PROBLEM STATEMENT: Among the entries that follow, the required portion opens with the line containing "Đà Nẵng xét" and closes with the line containing "Water & Sanitation". Give that portion again exactly, and nothing else.

PROVIDED ENTRIES:
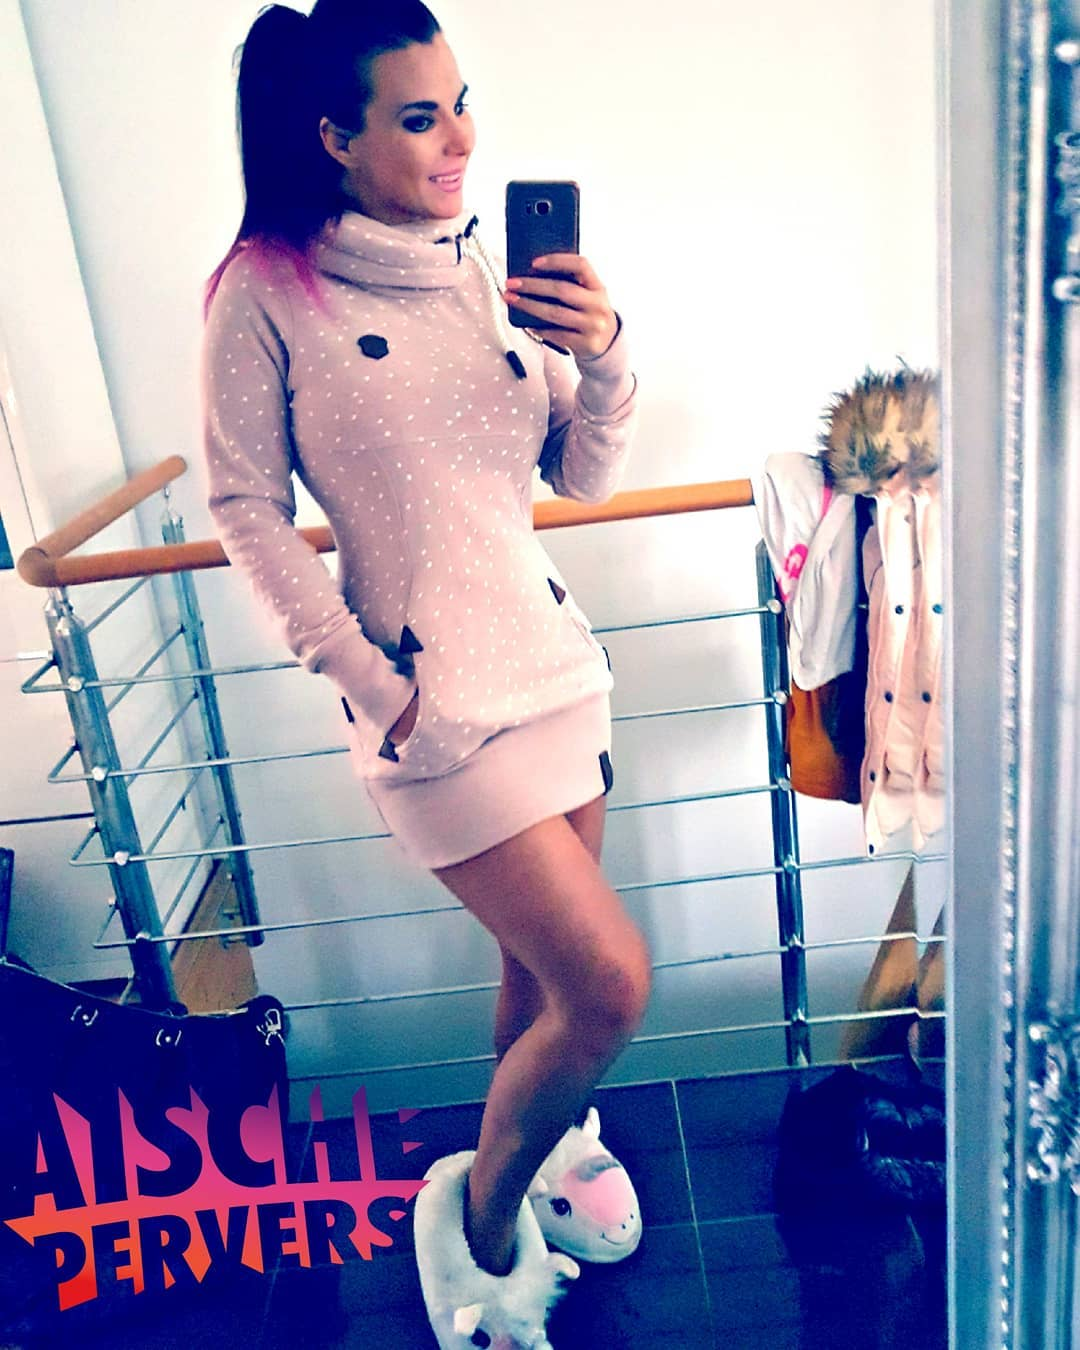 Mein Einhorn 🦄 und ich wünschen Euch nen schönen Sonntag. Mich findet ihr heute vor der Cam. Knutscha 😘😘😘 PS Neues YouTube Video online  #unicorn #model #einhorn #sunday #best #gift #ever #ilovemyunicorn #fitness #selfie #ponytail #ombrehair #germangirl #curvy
--
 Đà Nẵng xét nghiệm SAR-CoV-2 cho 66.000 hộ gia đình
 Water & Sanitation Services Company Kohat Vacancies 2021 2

ANSWER SECTION:
 Đà Nẵng xét nghiệm SAR-CoV-2 cho 66.000 hộ gia đình
 Water & Sanitation Services Company Kohat Vacancies 2021 2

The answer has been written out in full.